The Karate Kid turns out to be a family affair, produced by Will Smith and his wife, Jada Pinkett Smith, and starring their 12-year-old son Jaden, a Mini-Me of his dad. He plays Dre, reluctantly uprooted from his Detroit home to start a new life in Beijing. He's a cocky little squit, cheeking his mum (Taraji P Henson) and flirting with the pretty, virtuoso violinist at his new school; but he soon crashes down to earth when the school bully kicks his ass all over the playground. "PG" violence, by the way, seems to stand for "pretty gruelling", given that the punches sound like a training shoe smacking a side of beef. Only one thing for it: the kid must learn the ungentle art of kung fu from the local maintenance man, Mr Han, who will also teach his protégé a thing or two about obedience and respect. (So oughtn't the film to be called The Kung-Fu Kid instead?)

The deadly pace and the unappealing brattishness of Smith Jnr are mildly offset by the film's surprise positioning of China itself front and centre: forget the tyrannical oppression and feel the cultural history in its glimpses of the Great Wall, the Forbidden City and the lively new architecture of Beijing. At a time when Hollywood movies barely seem to be set anywhere in particular, this counts as a landmark. You get the feeling that the studio, Columbia, is prepared to bust a gut to court the lucrative Chinese market, even if it's still American fortitude and can-do bossing the screen.

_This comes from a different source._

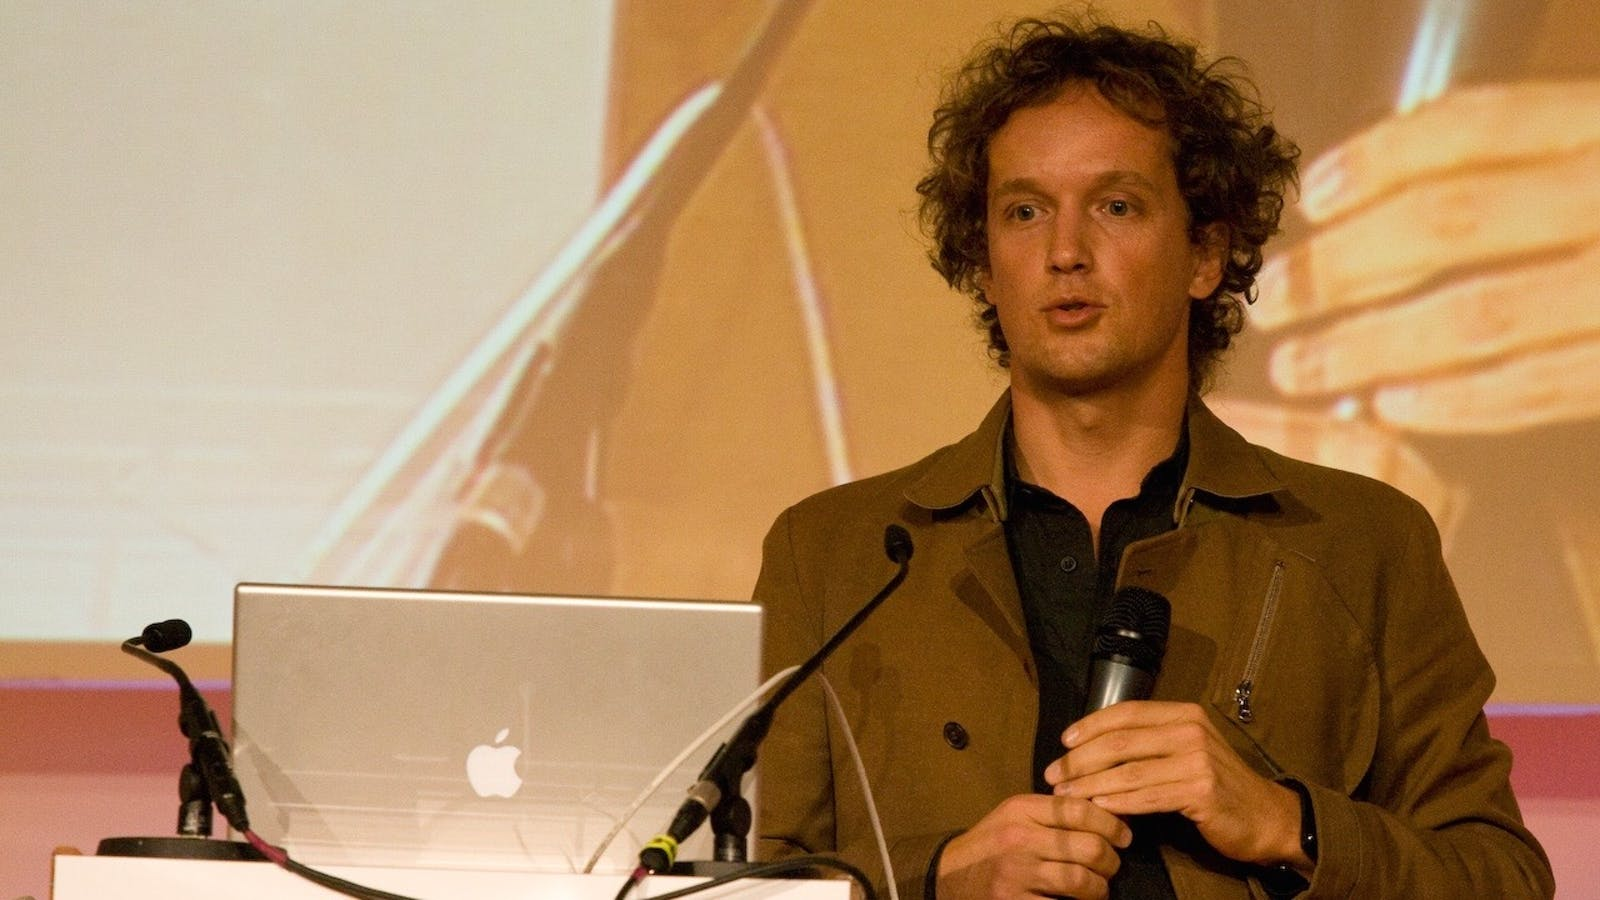 August Home co-founder Yves Behar. Photo by Flickr/Eirik Solheim.

What saves the film is another great Oriental institution by the name of Jackie Chan. As the Kid's kung-fu master, Chan is a hunched, recessive character nursing a private tragedy, though he retains a vigilant athleticism that you wouldn't care to trifle with. I don't think anyone in movies has ever swatted a fly so cunningly, and his dexterity in a fight with the Kid's tormentors is brilliantly displayed: he somehow uses the bullies' flailing arms and legs to beat themselves up. Brawling has never looked so much like ballet as when Chan is around, and if he's not so nimble as of old he's still the funniest exponent of the chop-socky arts.

Talking of old, you feel the minutes drift like aeons here. How Harald Zwart, the director, justified bulking the film up to 140 minutes defies understanding. Even Inception looks trim in comparison, and that has about six different plots going at once. The press notes are pleased to tell us that Mr Zwart is fluent in three languages, but plainly the phrase "get a move on" is unavailable in any of them.